Bag : [1 1 1 1 1 1 1 1 1 1 1 0 0 0 0 0 0 0 0 0] 
 Bag shuffled:  [1 1 0 0 1 0 0 1 1 0 1 1 1 0 0 0 1 0 1 1] 
 A resample:  [1 1 0 0 1 0 0 1 1 0] 
 B resample:  [1 1 1 0 0 0 1 0 1 1] 
 Resample Yes Rate (%): A: 50.0 B: 60.0 A-B -10.0 
 Observed Yes Rate (%) A: 70.0 , B: 40.0 , A-B 30.0


In [75]:
seed(2)
p = 100

perm_res = [0] * p

for i in range(p):
    bag = sample(bag, len(bag))
    a_rs = bag[:a]
    b_rs = bag[a:]
    perm_res[i] = 100 * sum(a_rs) / a - sum(b_rs) / b * 100

print(perm_res)

[10.0, 30.0, 30.0, -10.0, -10.0, 10.0, 10.0, 10.0, 10.0, -10.0, -10.0, 10.0, -10.0, 10.0, 30.0, 50.0, 10.0, -30.0, 10.0, -10.0, -30.0, -10.0, -30.0, -10.0, -50.0, -30.0, 10.0, 30.0, -30.0, 30.0, -10.0, 10.0, 10.0, 30.0, 50.0, 10.0, -10.0, -10.0, -10.0, -30.0, -10.0, -10.0, 10.0, 10.0, -30.0, 30.0, 10.0, -10.0, 30.0, -10.0, -10.0, -10.0, 10.0, 10.0, 10.0, 10.0, -50.0, -10.0, -10.0, -10.0, 30.0, -10.0, 10.0, 10.0, -30.0, 10.0, 10.0, -10.0, 10.0, 10.0, 30.0, -10.0, -30.0, -50.0, -10.0, -10.0, -10.0, 10.0, 10.0, 10.0, -50.0, 10.0, 10.0, 30.0, -50.0, -10.0, 10.0, -10.0, 30.0, -10.0, -10.0, -10.0, -50.0, 10.0, -30.0, -10.0, 30.0, 30.0, -10.0, -10.0]


In [76]:
per_res_s = pd.Series(perm_res)
print(pd.pivot_table(per_res_s.value_counts().reset_index(),
                    values = 0, columns = "index").to_string(index=False))

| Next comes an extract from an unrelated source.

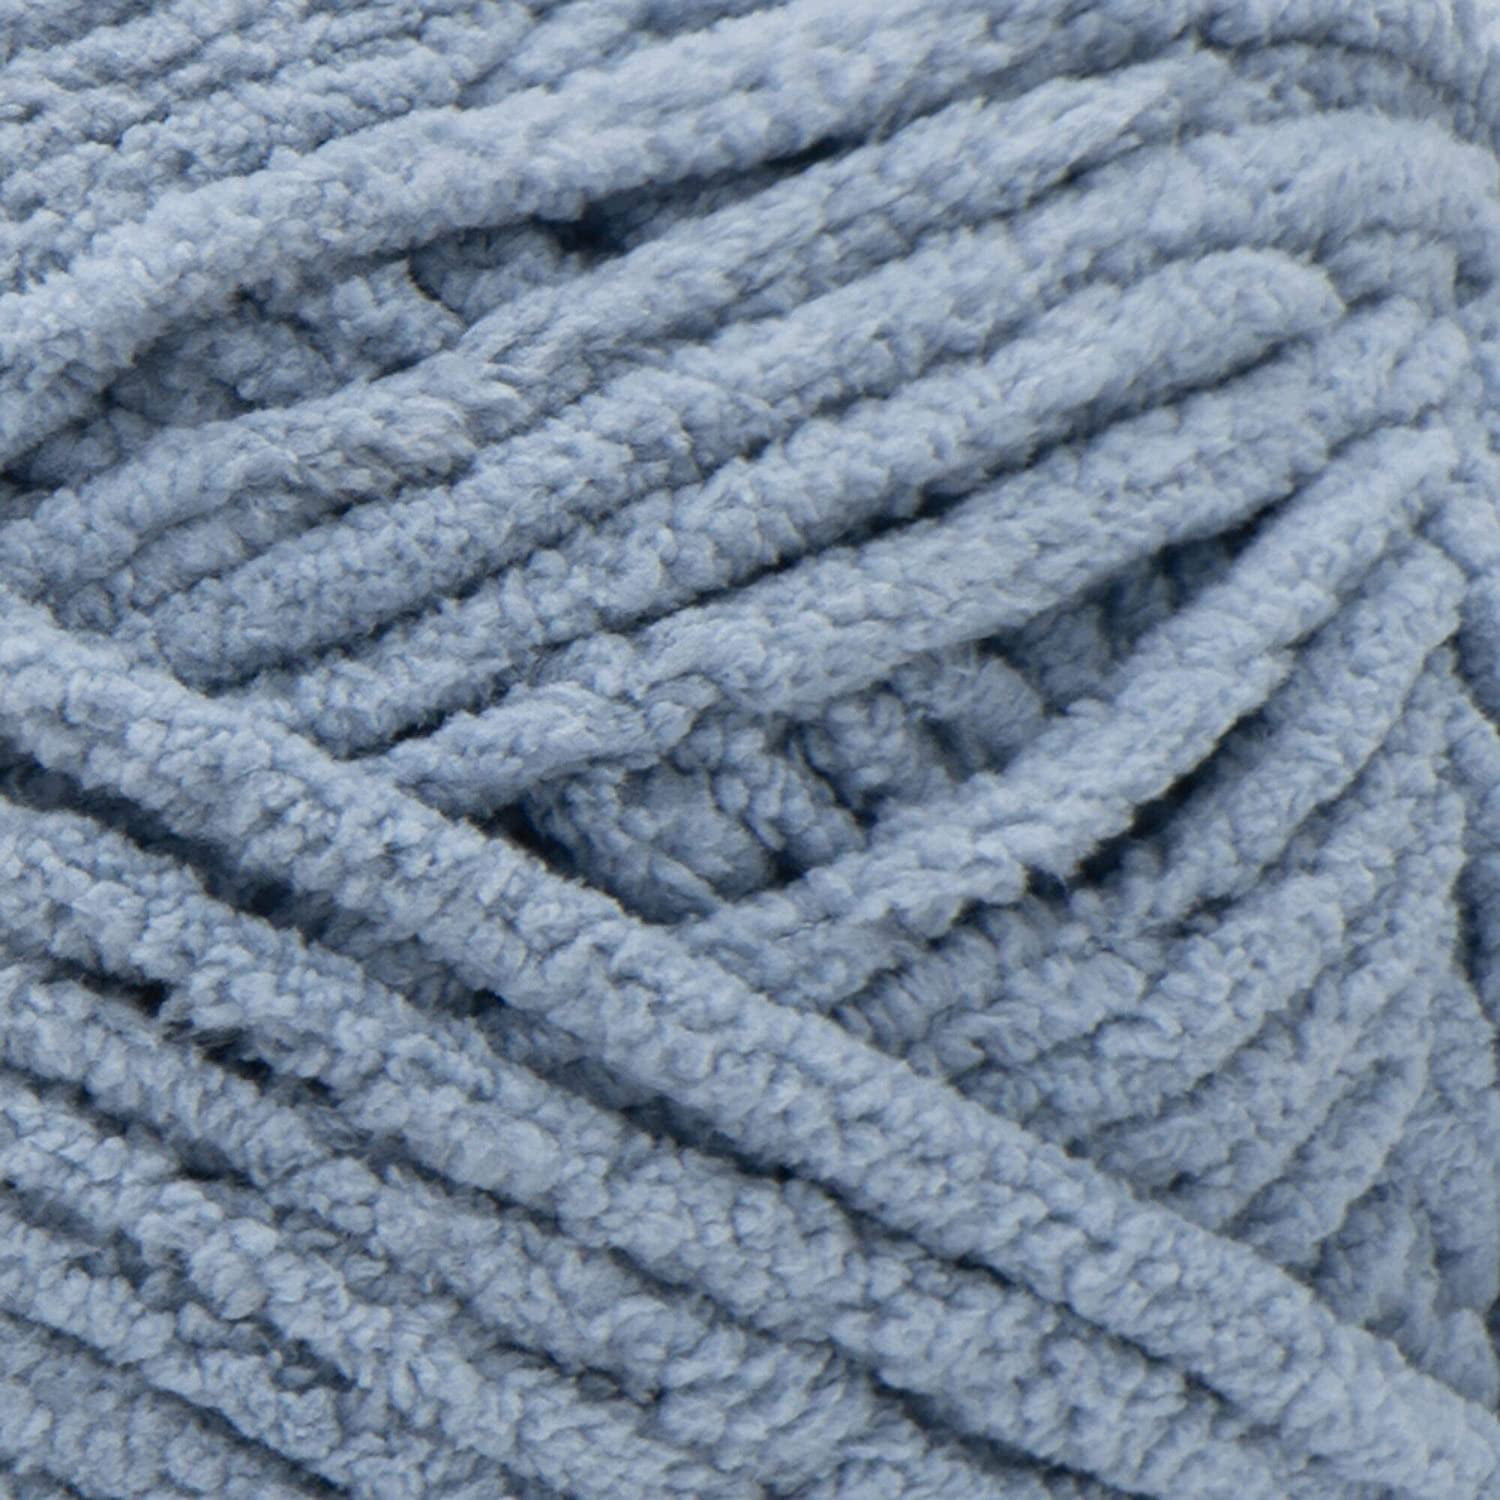 Bernat Blanket Ombre Yarn-Shade Blue Ombre, 1 count - Harris Teeter

 -50.0  -30.0  -10.0   10.0   30.0   50.0
     6     10     35     33     14      2


In [77]:
# Two-way hypothesis test
extreme_count = sum(per_res_s.abs() >= abs(ab_yes_pc))

# One-way hypothesis test
pos_extreme_count = sum(per_res_s >= (ab_yes_pc))

print("Number of permutations: ", p, 
      "\nTwo-way: Extreme count: ", extreme_count,
      "\nTwo-way: Extreme ratio (p-value): ", extreme_count / p,
      "\nOne-way: Extreme count: ", pos_extreme_count,
      "\nOne-way: Extreme ratio (p-value): ", pos_extreme_count / p,
     )

Number of permutations:  100 
Two-way: Extreme count:  32 
Two-way: Extreme ratio (p-value):  0.32 
One-way: Extreme count:  16 
One-way: Extreme ratio (p-value):  0.16


P-values are larger than 0.05 (alpha-standard threshold), so we have to retain the null hypothesis.

P-values are the probability of the extreme values that their range is determined by the observed result (on the density plot).